全国の警察で初の取り組み、陽性反応が出れば医療機関で診察を行う

警視庁、留置前に容疑者全員にPCR検査を実施

警視庁四谷署の留置場=2020年5月7日、東京都新宿区(時事)

 新型コロナウイルスの感染拡大を受け、警視庁が逮捕した容疑者全員に対し、留置場に入れる前にPCR検査を実施する方針を固めたことが15日、同庁への取材で分かった。留置場内での無症状者による感染拡大を防ぐのが狙いで、全国の警察では初の取り組みという。早ければ週明けから始める。

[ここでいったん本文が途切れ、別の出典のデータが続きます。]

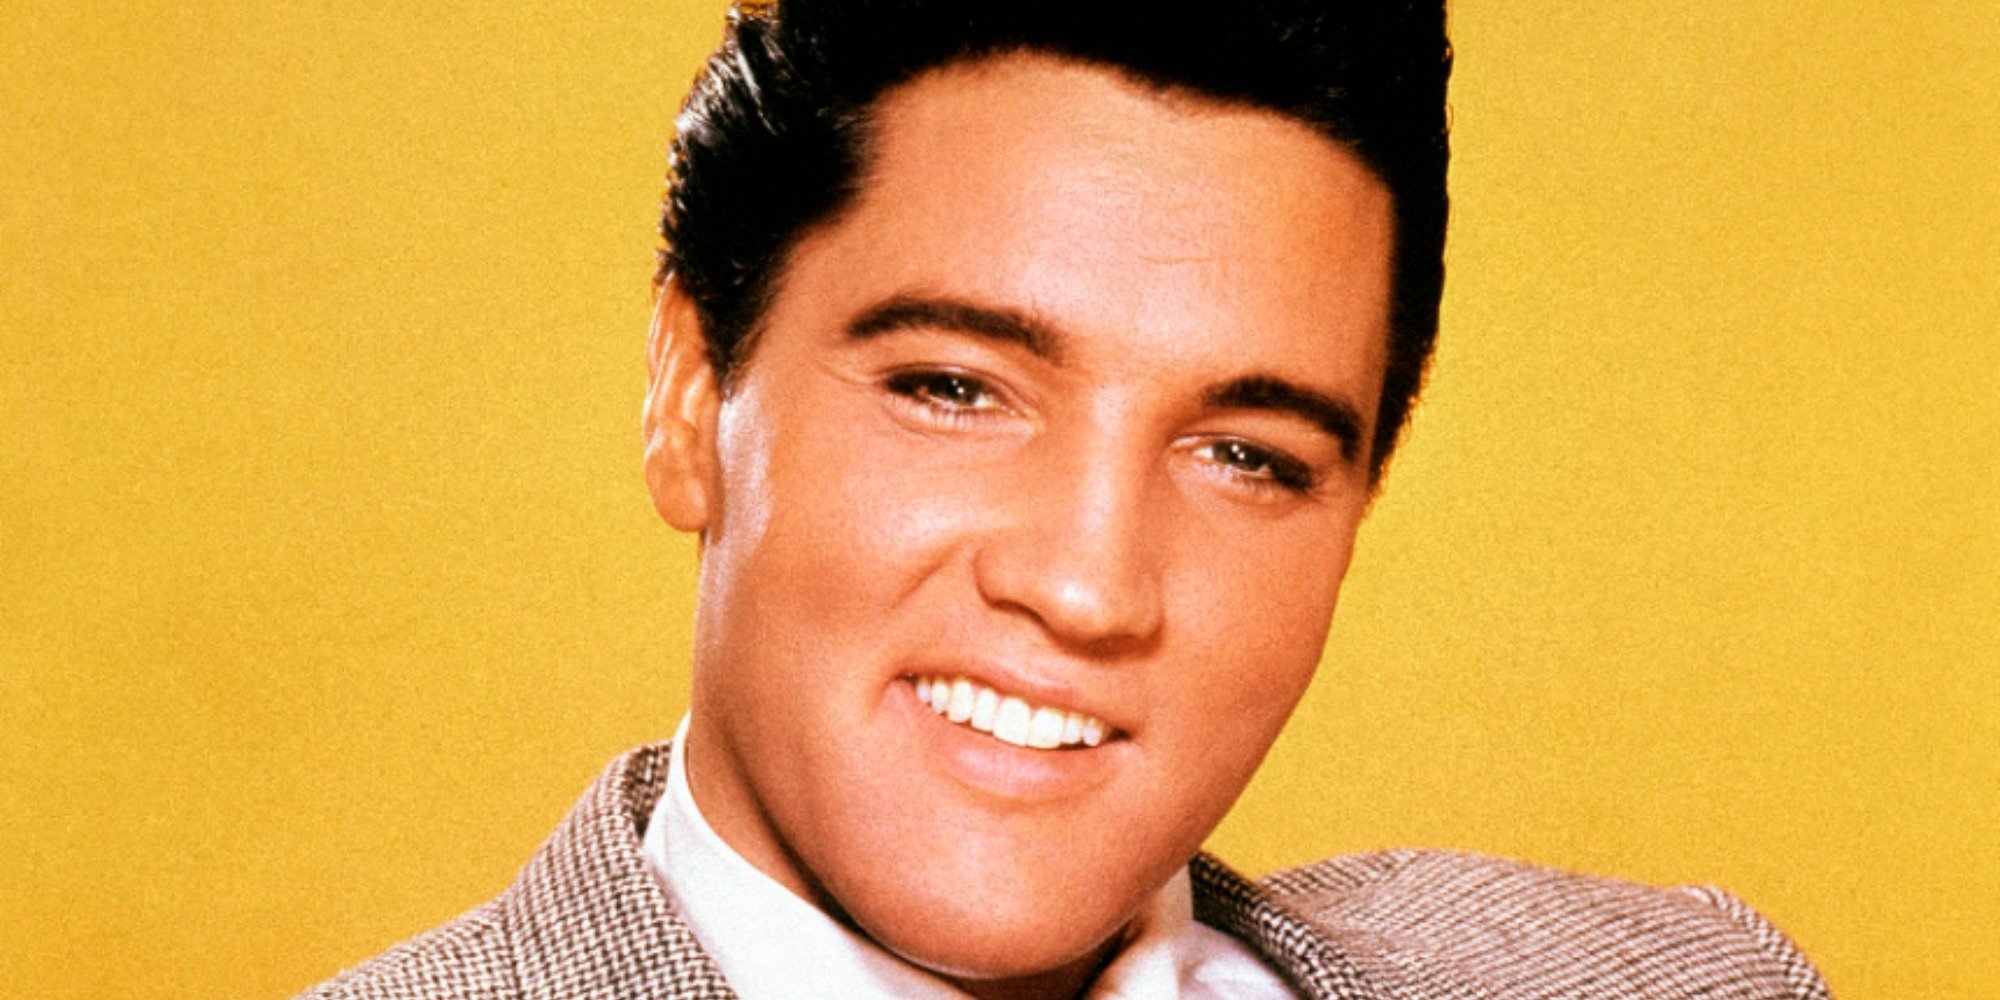 Elvis Presley in a press photograph with a bright yellow background.

 警視庁留置管理1課によると、留置前に容疑者からストローを使って容器に唾液を提供してもらい、同庁本部に設置された検査機器で感染の有無を調べる。陽性反応が出た場合は医療機関で改めて診察を行い、容疑者の健康状態や犯罪の重大性などを考慮し、入院の必要性や陽性者用の隔離施設への収容などを検討する。

 警視庁では以前から、留置前の診療で容疑者に発熱や味覚障害など新型コロナの感染を疑う症状があれば、医療機関に依頼してPCR検査などを実施していた。ただ、感染が再び拡大し、昨年12月に一部の警察署の留置場で収容者の集団感染が起きたことから、より強い対策を検討していた。

 同課の寺岡博之課長は「引き続きあらゆる手段を講じ、留置施設内における感染防止と衛生の確保に努める」とコメントした。